LAHORE, Sept 10: The government expects to get the first tranche of $500 million of $1.3 billion Asian Development Bank (ADB) loan before the end of this month as the hitch of a clearance by the IMF has finally been removed.

A senior official in the federal finance ministry, who did not want to identify himself, claimed while talking to Dawn from Islamabad on Wednesday that the International Monetary Fund had “issued” the Letter of Comfort (LoC) to pave the way for the release of the ADB programme loan to Pakistan.

The loan, part of the financial sector reforms programme, will be used by the government to support its budget.

The tranche will also help the government slightly shore up its dwindling stocks of foreign exchange reserves, which have already dropped below $9 billion on the back of rising oil, food and other import payments from a record high of $16.4 billion in October last year.

The current account gap too expanded to above eight per cent of the gross domestic product (GDP) to above $20 billion during the last fiscal as trade deficit rose to over $14 billion. The current account deficit had grown 24 per cent to more than $1 billion in July this year from same period last fiscal.

The government direly needs foreign capital inflows in the form of multilateral and bilateral loans, aid, grants, foreign direct investment and private transfers in order to improve its forex reserves.

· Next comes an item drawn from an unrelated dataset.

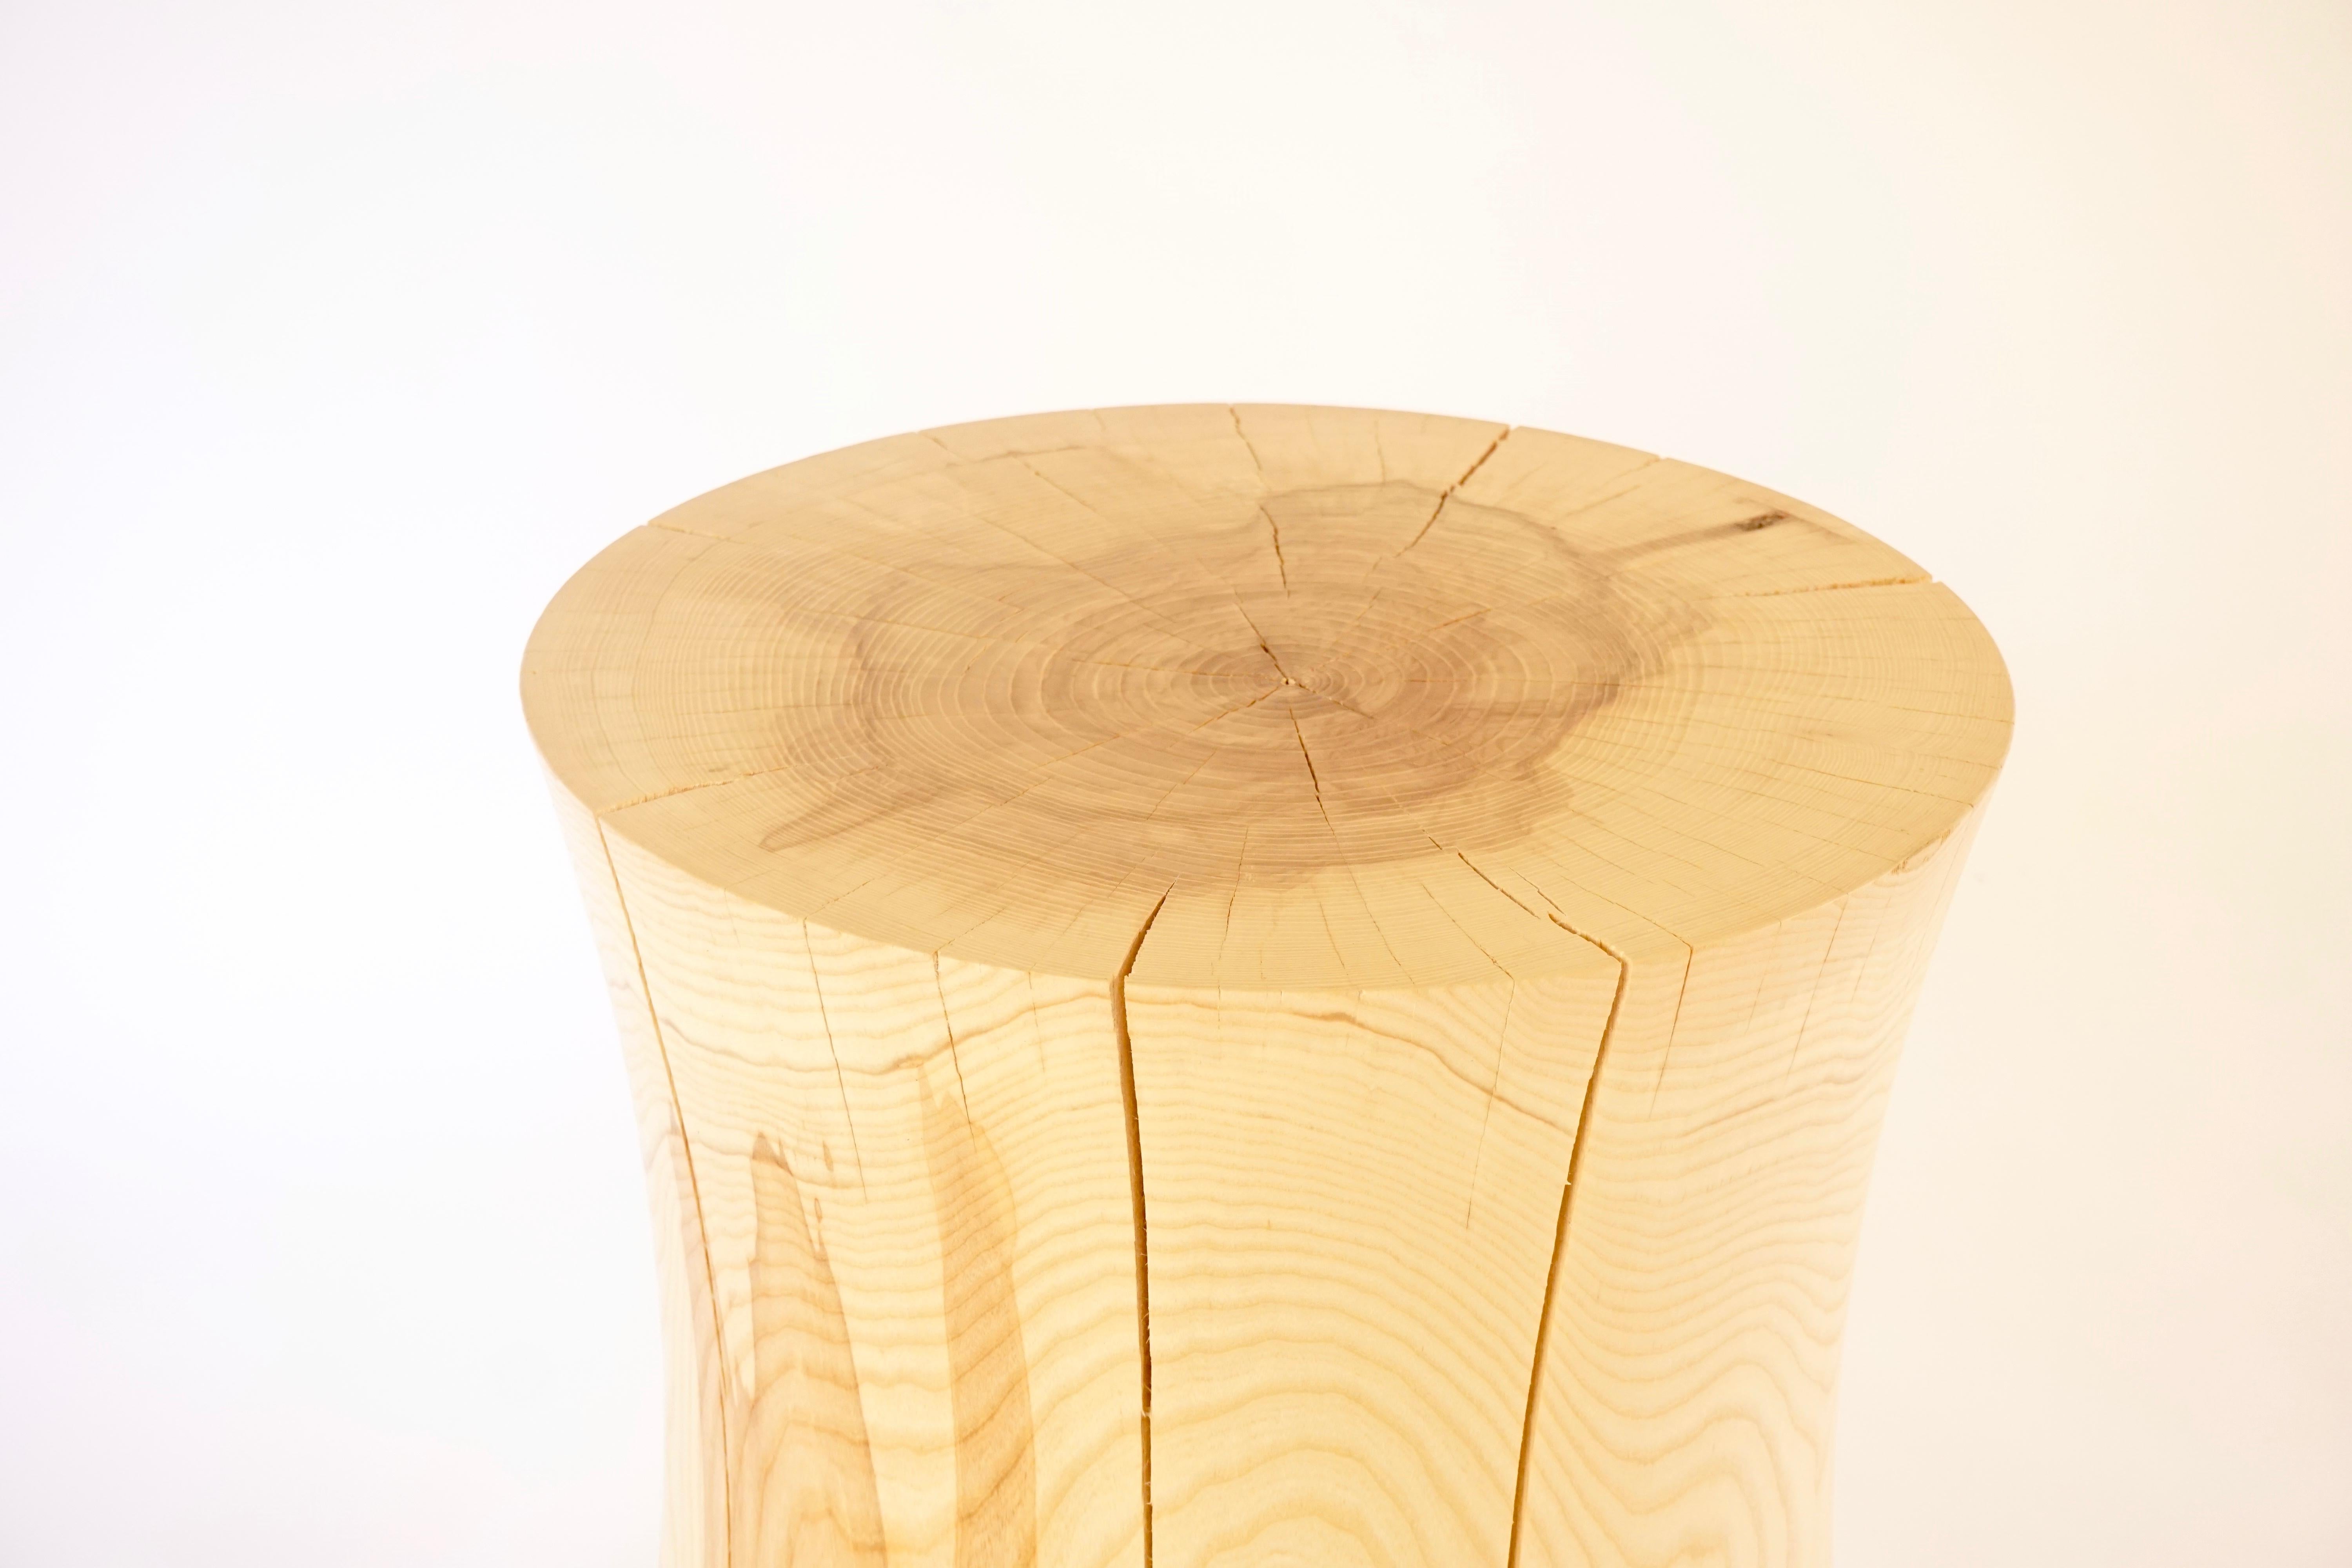 Ce guéridon #2 en frêne est l'une des dix formes originales de la collection de guéridons Lehrecke de 1996. Ce qui rend cette pièce spéciale, c'est la qualité du bois et le fait que le frêne disparaît à un rythme alarmant. M. Lehrecke collecte dès à

The official said the government also planned to float sovereign bonds in the international financial markets to raise funds. But he did not give any idea of the size of the loan the government intended to raise from the global financial markets.

“No one can give the idea of the size of the funds we are going to rake up from the global financial markets. It will be known only when we enter the market. We don’t yet know what would be the response of the international investors to our offer,” the official said.

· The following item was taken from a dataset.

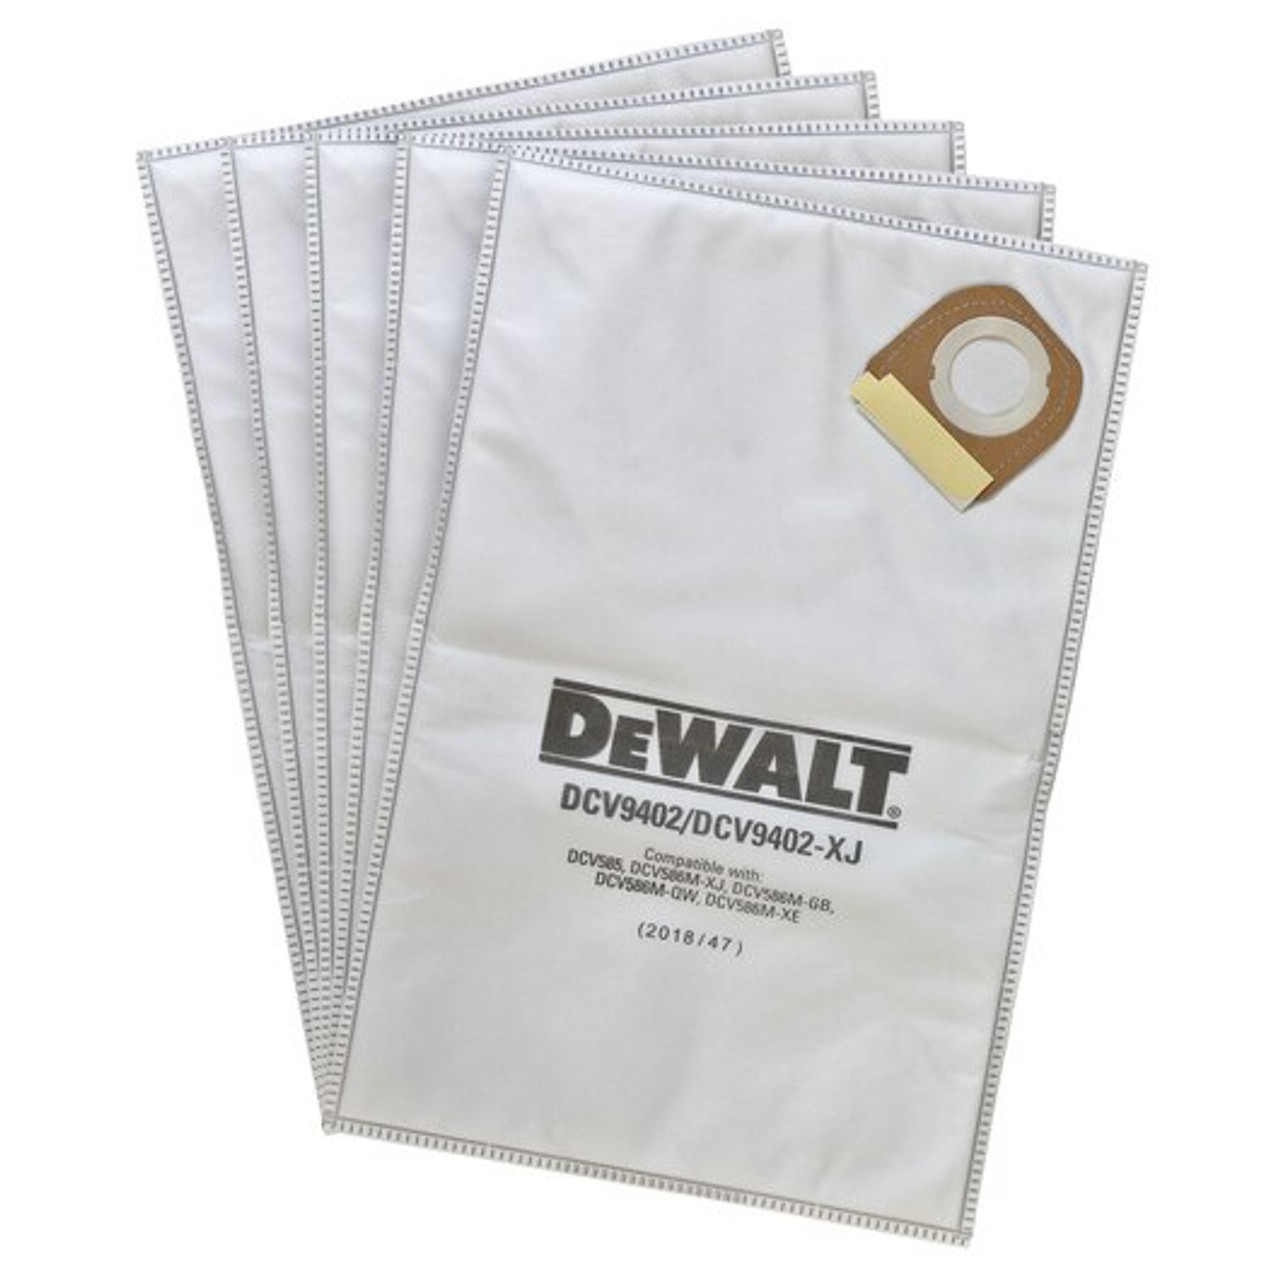 Dewalt DCV9402 Fleece Bag (5 Pack) for DEWALT Dust Extractors

He said the bonds would be floated at an “appropriate time” in order to keep down the spread on the sovereign paper. “That’s why I cannot tell you the exact date or month when the bond would be floated,” he said in answer to a question.

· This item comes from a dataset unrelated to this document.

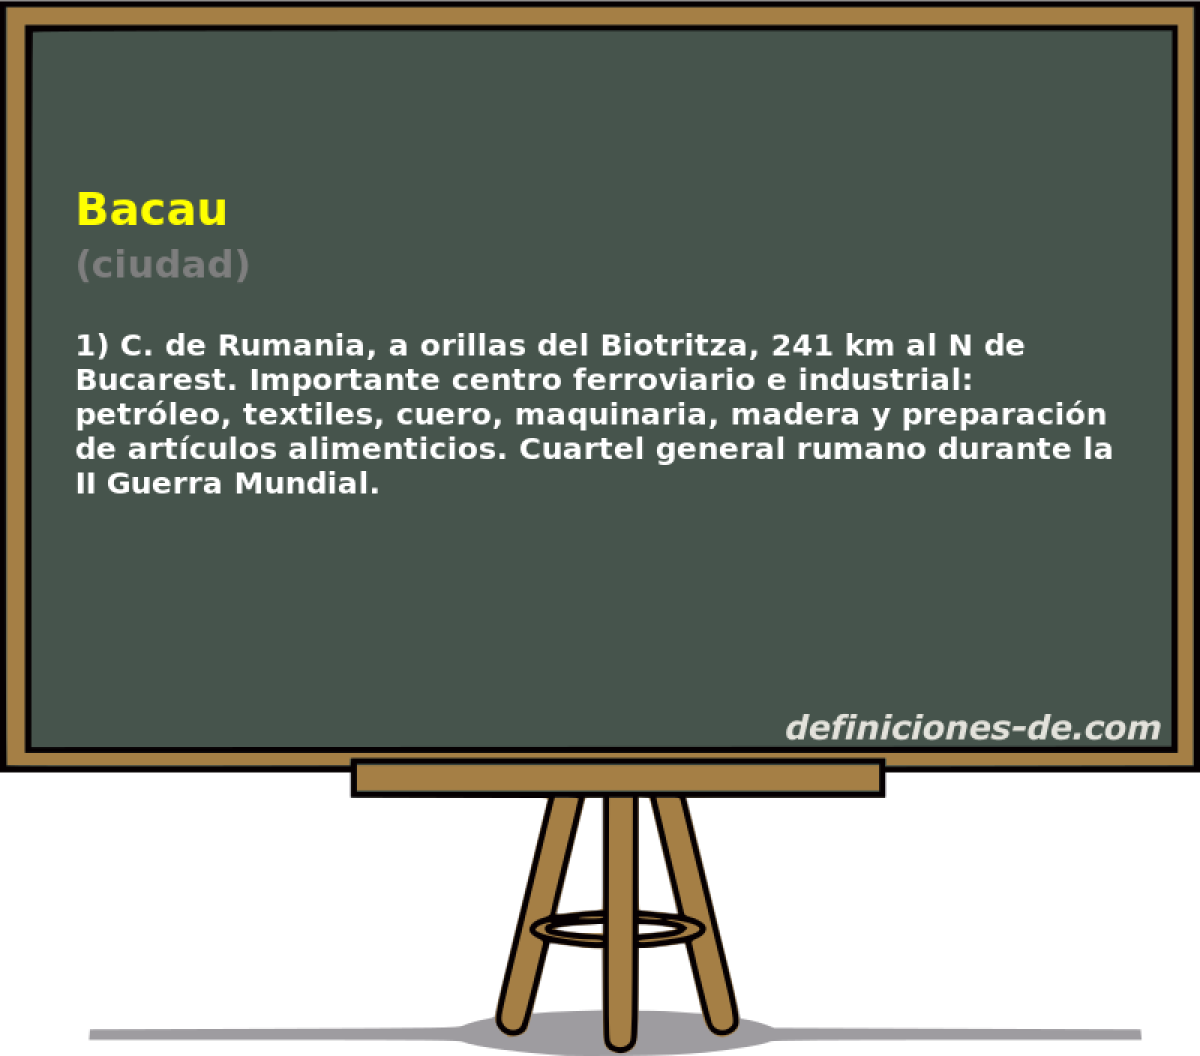 Bacau (ciudad)

He said Islamabad had asked the Saudi government to extend it the oil on deferred payment for next two to three years to ease the pressure on its resources.

Pakistan buys 110,000 barrels of oil per day from Saudi Arabia and the extension of the facility would automatically help it’s the government plug bleeding of meagre foreign exchange reserves.

He, however, expressed his ignorance about the negotiations with Riyadh for an economic package for Pakistan to bail it out of the current economic crisis. “I’m not aware of any such development,” he said when he was told that the finance minister was reported to have stated that the Saudi government was putting together such a programme for Pakistan.